Nous revenions de l’autre rive, de la Tate Modern dont l’immense cheminée de brique recevait en plein ciel une pluie d’aiguilles. Pas de parapluie. Les cheveux qui collaient sur le front, les épaules trempées. Et au bout du pont, auprès des bords verdis de cendres de la Tamise, l’accalmie derrière une vaste colonnade en arc de cercle.
Il avait fallu se délester au vestiaire, se réchauffer rapidement dans l’air bruyant d’un sèche-mains avant de s’engager dans les couloirs de bois sombre. C’est là, dans un dégagement, entre les silhouettes en flaques phosphorescentes de Daniel Richter et la douceur perverse des enfants de Marlene Dumas que je l’ai vu.
Une première toile aux dimensions impressionnantes. Un immense canoë bleu turquoise flottant sur une rivière endormie aux reflets dorés. Sur les berges un silencieux cortège d’herbes hautes comme autant de feu follets. Au premier plan, une sombre palissade. Et sur l’embarcation, comme un point de détail, une jeune fille blonde à la tête penchée, le bras au dehors affleurant la surface de l’eau de jade. Un tableau aux lignes horizontales, aux couleurs de transparence, de quiétude et de vide.

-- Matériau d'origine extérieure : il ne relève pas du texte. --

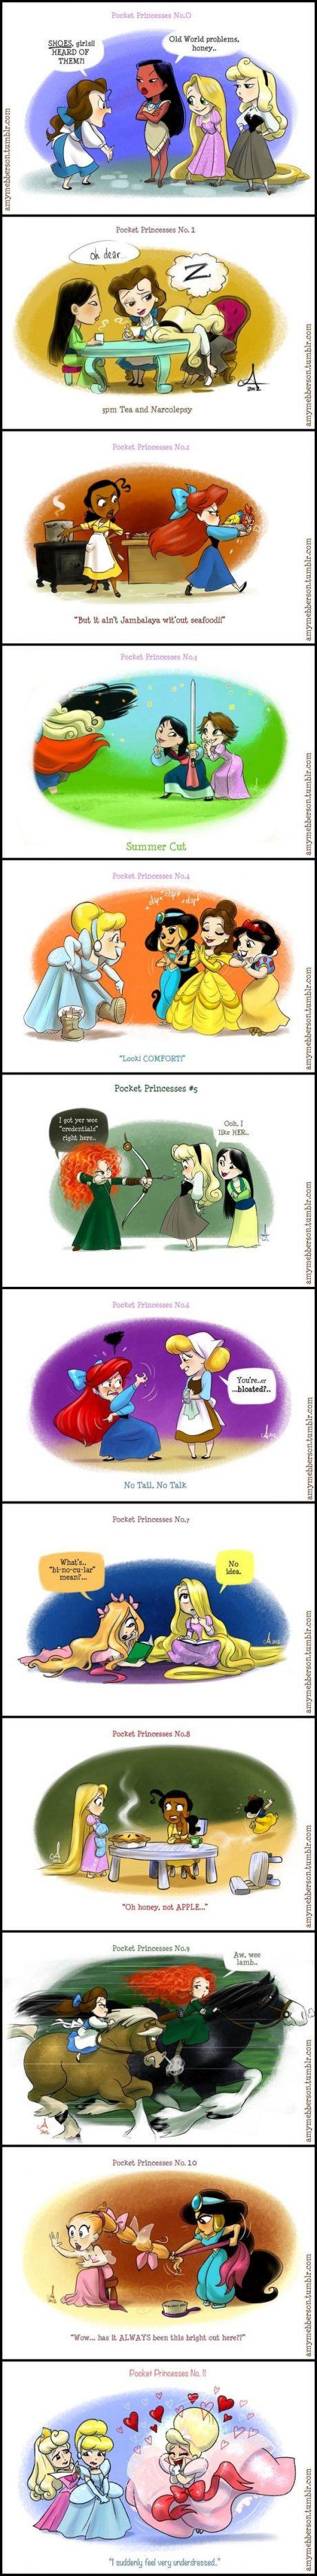 Pocket Princesses (Part by Amy Mebberson Don't consider Brave Disney but. Pocket Princesses, Pocket Princess Comics, Disney Pixar, Disney And Dreamworks, Disney Magic, Walt Disney, Disney Princess Memes, Disney Jokes, Funny Disney Memes

Puis un autre, tout aussi grand. Un vaste espace blanc de neige aux aplombs rocheux, quelques skieurs en pointillés. Et un autre. Reprenant le canot en son sein pour le placer dans un kaleidoscope de couleurs vives et de flashes de lumières, comme dans une vision hallucinée. Et d’autres encore. Un vaste paysage de campagne vu à hauteur d’insecte. Une cité radieuse derrière les arbres.
Cette impression inattendue, ce sentiment immédiat d’une œuvre peinte exclusivement pour vous, nous l’avions déjà connu, mais dans ces paysages étonnants au milieu de la ville embuée, nous nous y abandonnions de nouveau avec délice.
Nous vivions à petites gorgées la découverte d’une peinture qui vous tire par la manche, vous emmène dans ses bagages, vous rappelle à la nature, aux espaces et aux courants, à la vie qui bruisse et qui coule.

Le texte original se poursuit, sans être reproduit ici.